Given this interest and friends’ recommendations, I wanted to give Deadwood a try. Since it is on DVD, seeing the first season, episode by episode, seemed ideal. Because I don’t watch violence easily or lightly in most circumstances, I liked the idea of choosing when and how I’d watch it. And I like Ian McShane from his days in Lovejoy.

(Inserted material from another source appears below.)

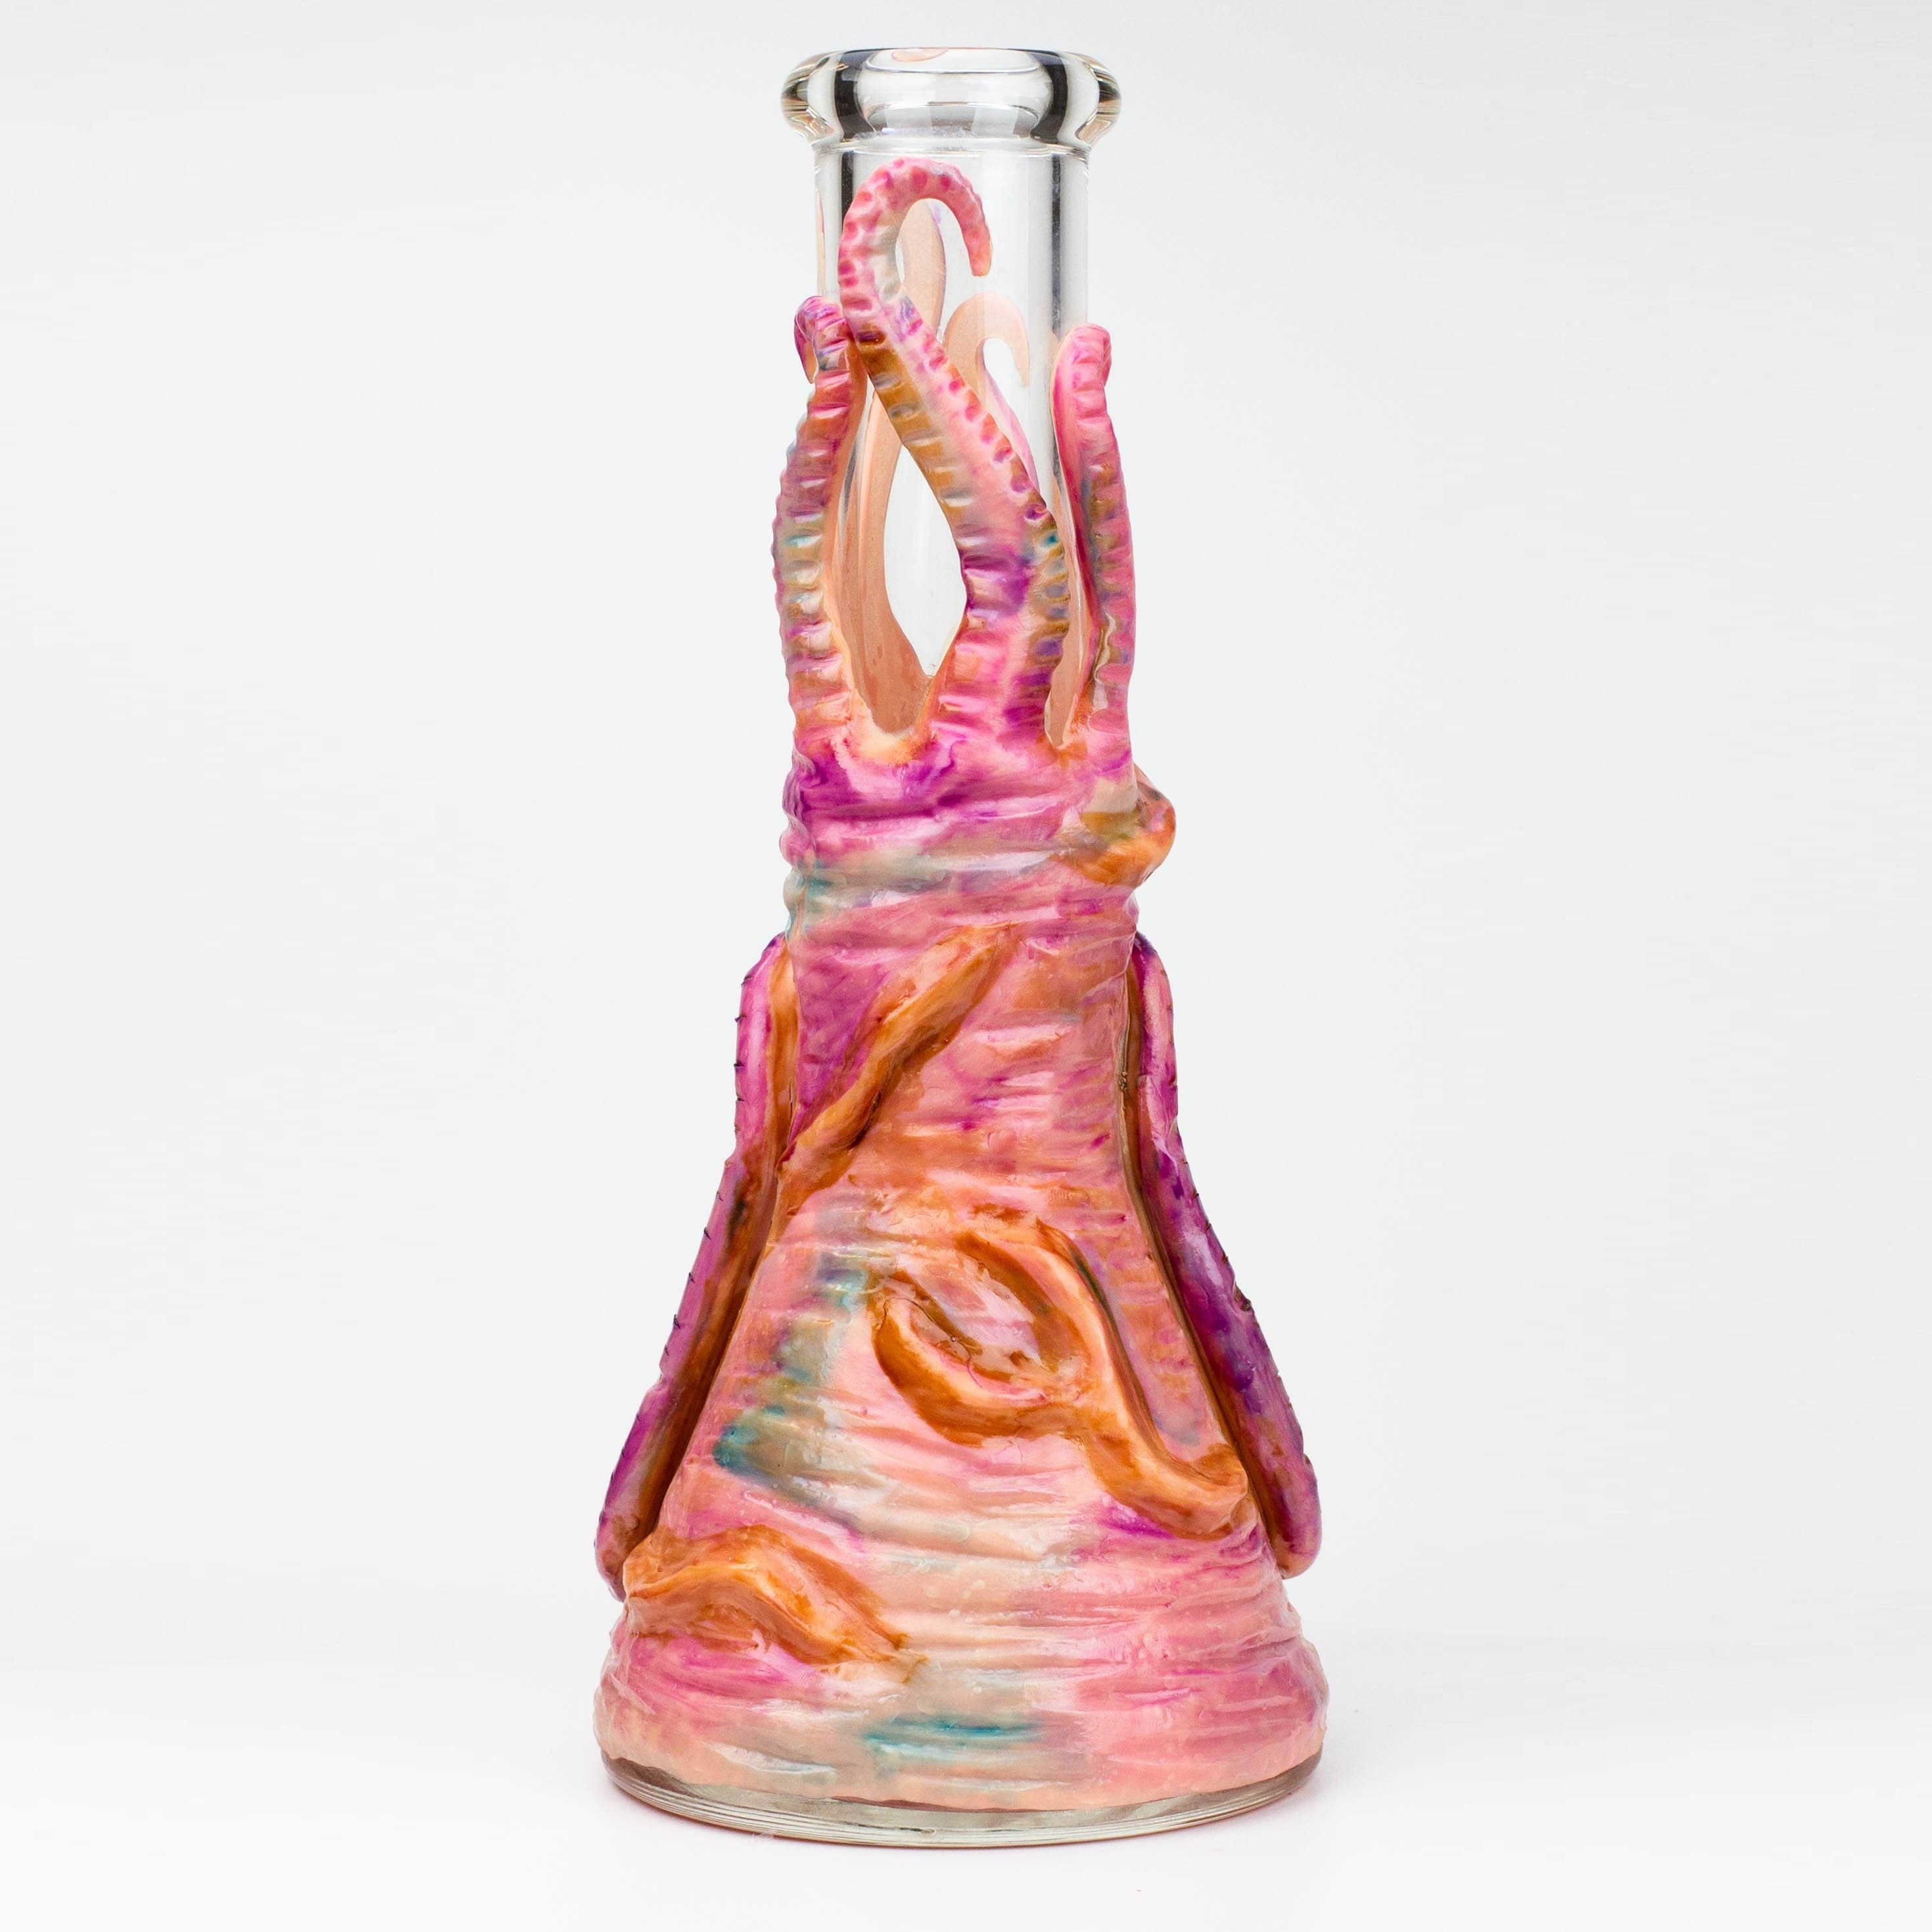 Resin 3D artwork 7mm glass beaker water bong 12.5"_2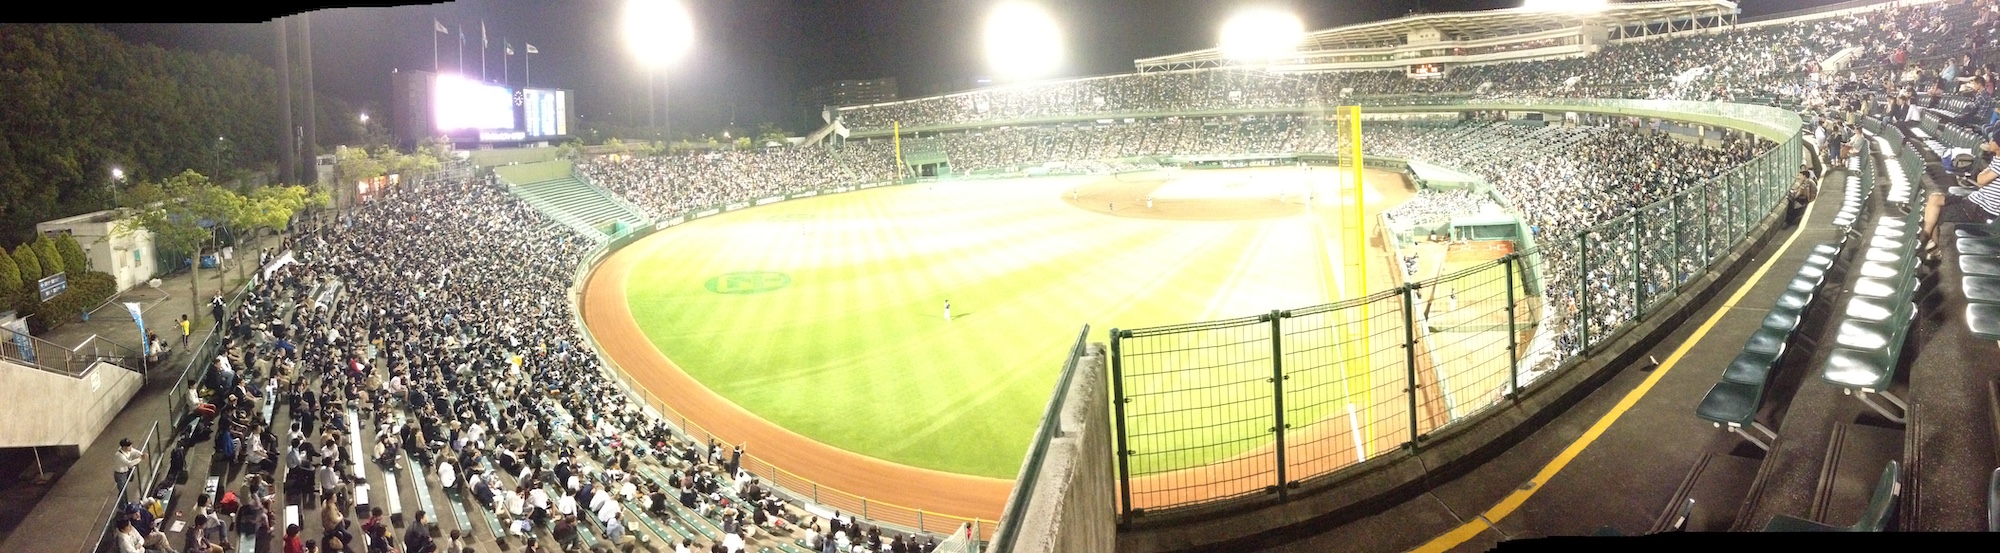 21年 ほっともっとフィールド神戸 開催のプロ野球公式戦 Sse Notes

I’ve watched the first three episodes now, so I thought I’d weigh in on my response so far. First, this is typical genre stuff. The “Wild West” is as cartoonish as in good-old classic Hollywood westerns, and then you layer on HBO-style “gritty realism” (without ever dipping into actual “reality”). You get tons of swearing, hookers with gonorrhea, drug addiction, and a big death toll from living in a “real” squatter gold town beyond the reach of the U.S. government (Deadwood was, indeed, a real town similar to what is shown on the show—not to mention the name of a popular laid-back bar in Iowa City). You mix in some “real” famous people (Calamity Jane and Wild Bill Hickok) and dance around historical reports of their relationships while making a bunch of crap up as you go along to heighten tension.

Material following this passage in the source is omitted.